Your response is a verbatim copy of the listing, stripped of its images.

---------- Given material

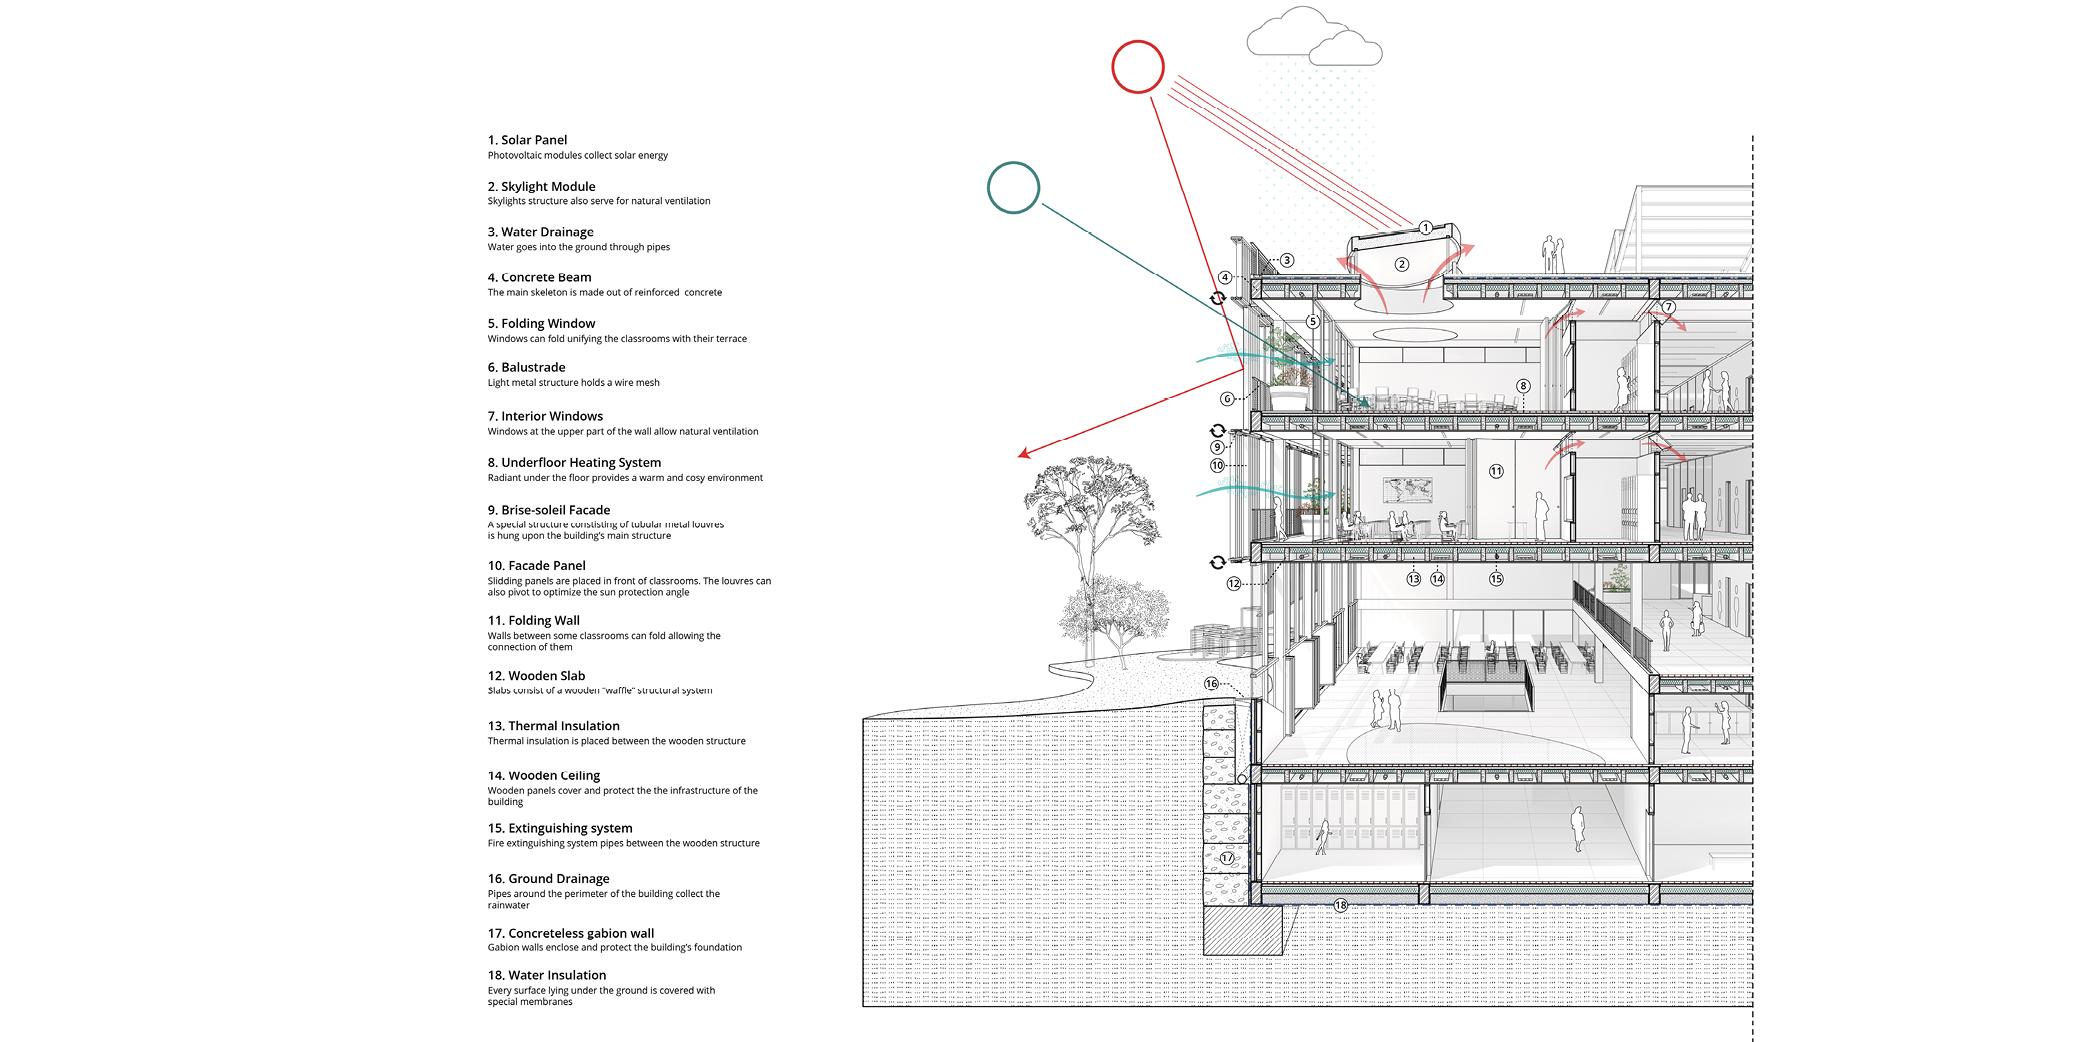 OCA architects New Elementary School and Kindergarten for - Nová ZS a MS pro - Dolní Měcholupy Hernan Lleida Ruiz Bernardo Garcia Morales16
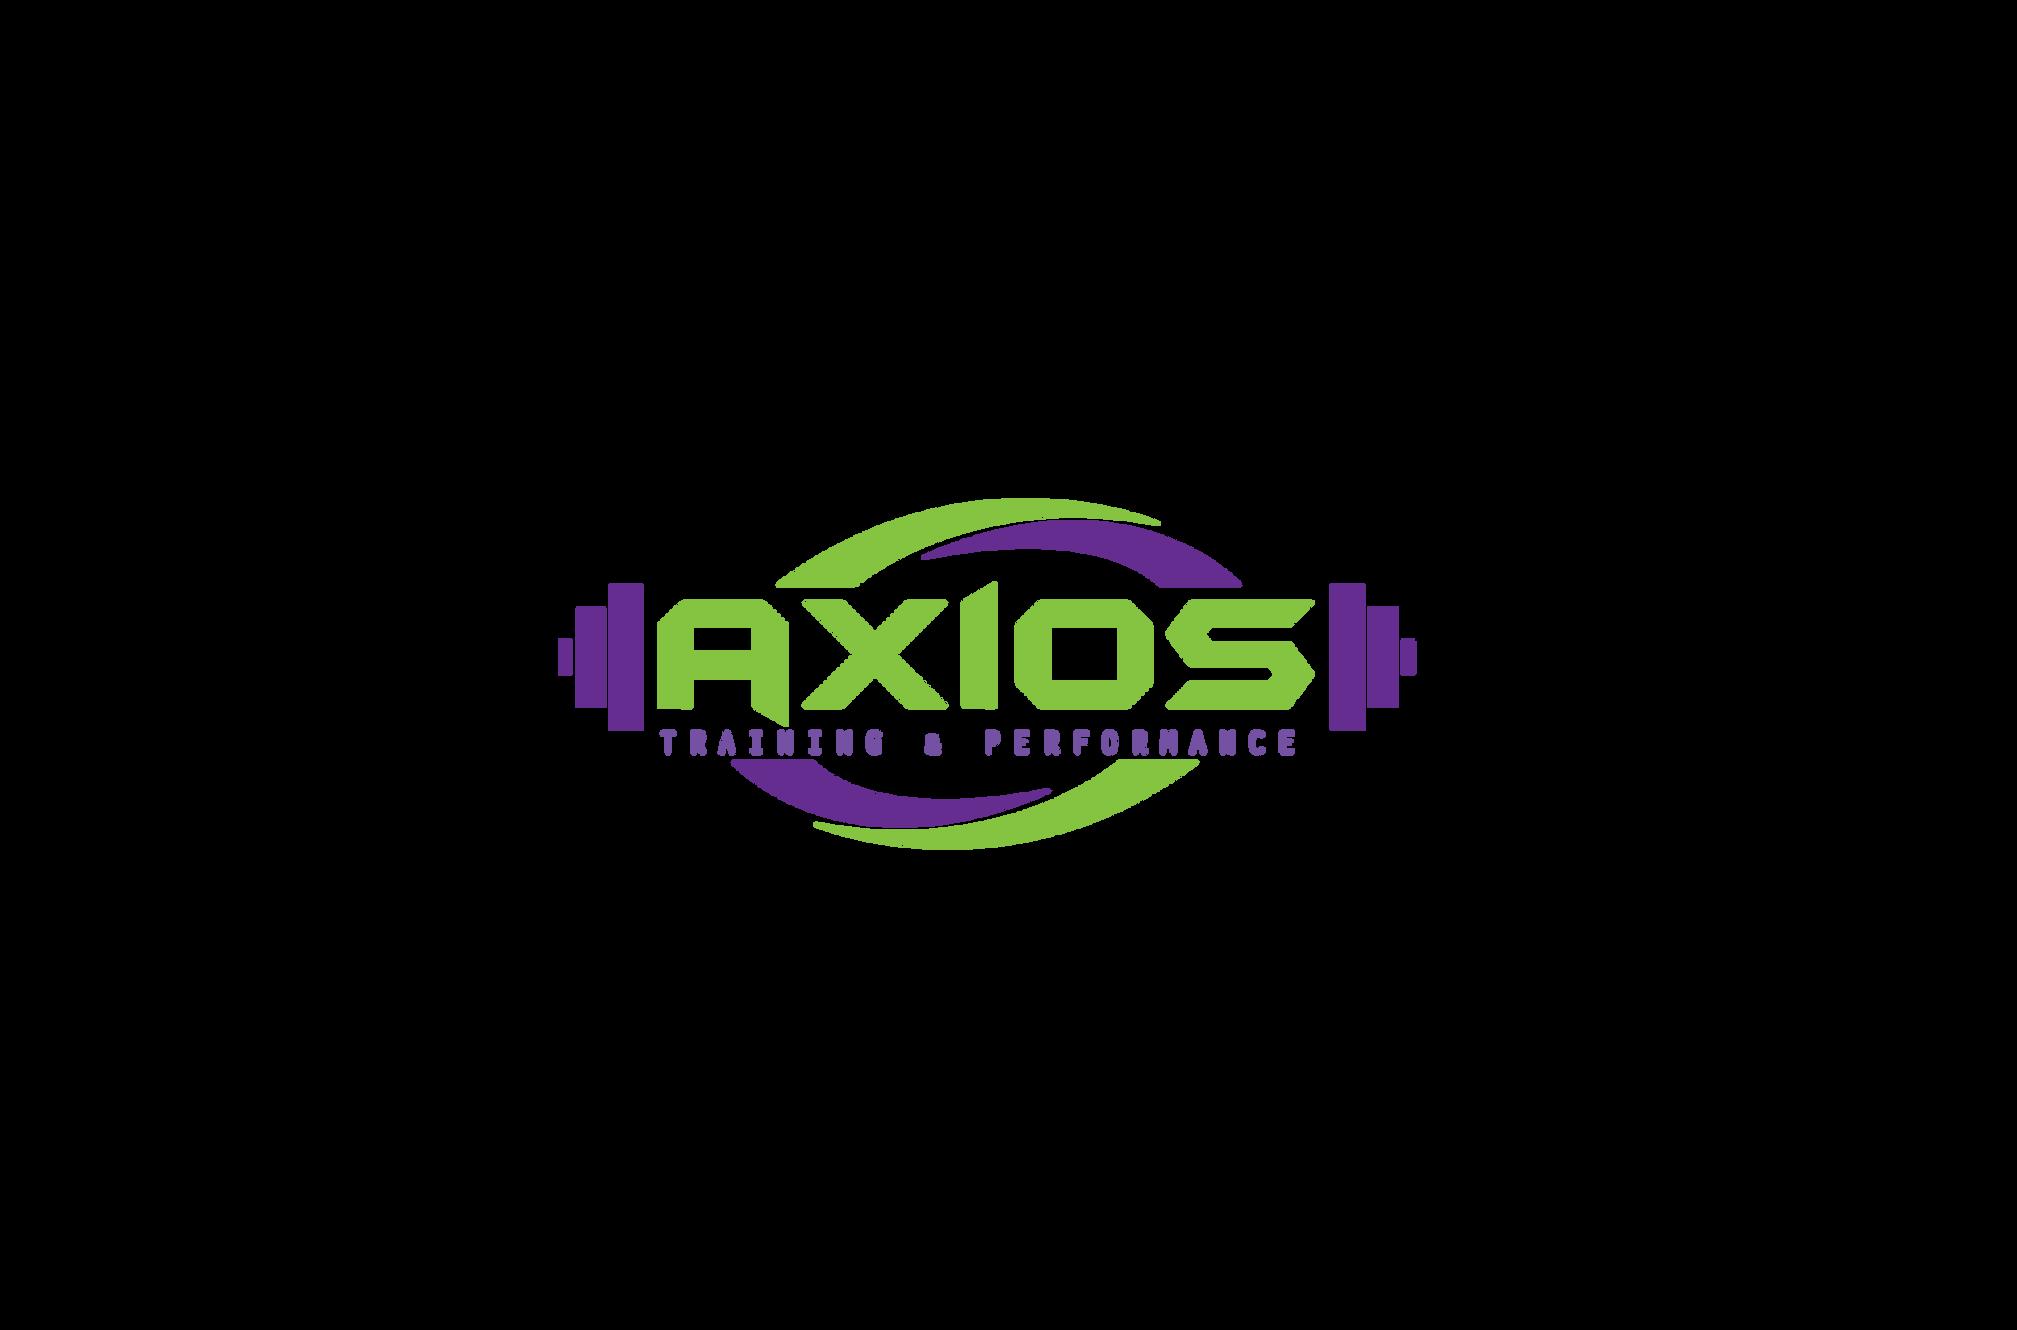 Axios Training & Performance   Hartford   Fitness   Sports
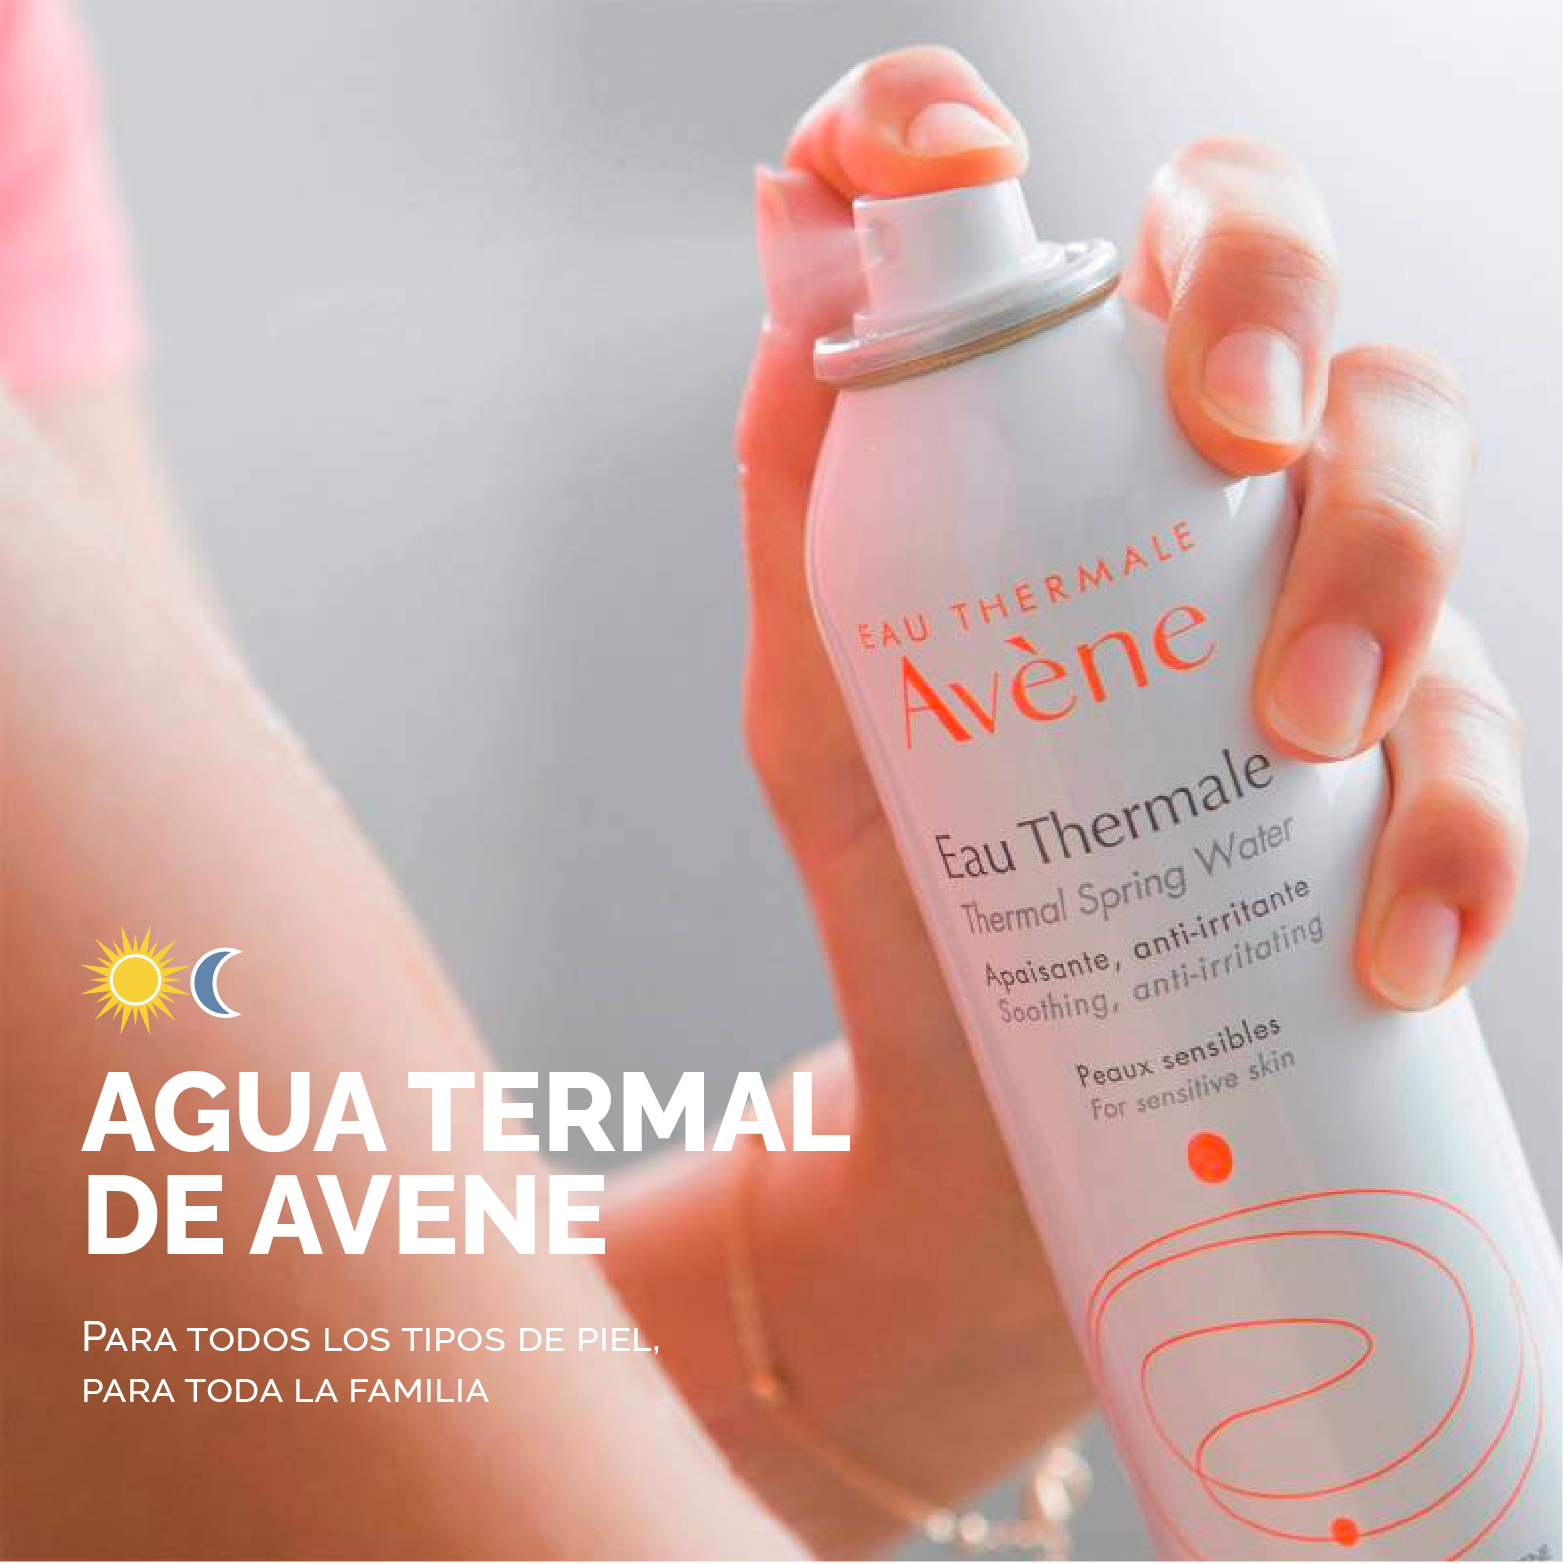 Agua thermal Avene®

--------------------

## Finished task
 OCA architects New Elementary School and Kindergarten for - Nová ZS a MS pro - Dolní Měcholupy Hernan Lleida Ruiz Bernardo Garcia Morales16
 Axios Training & Performance   Hartford   Fitness   Sports
 Agua thermal Avene®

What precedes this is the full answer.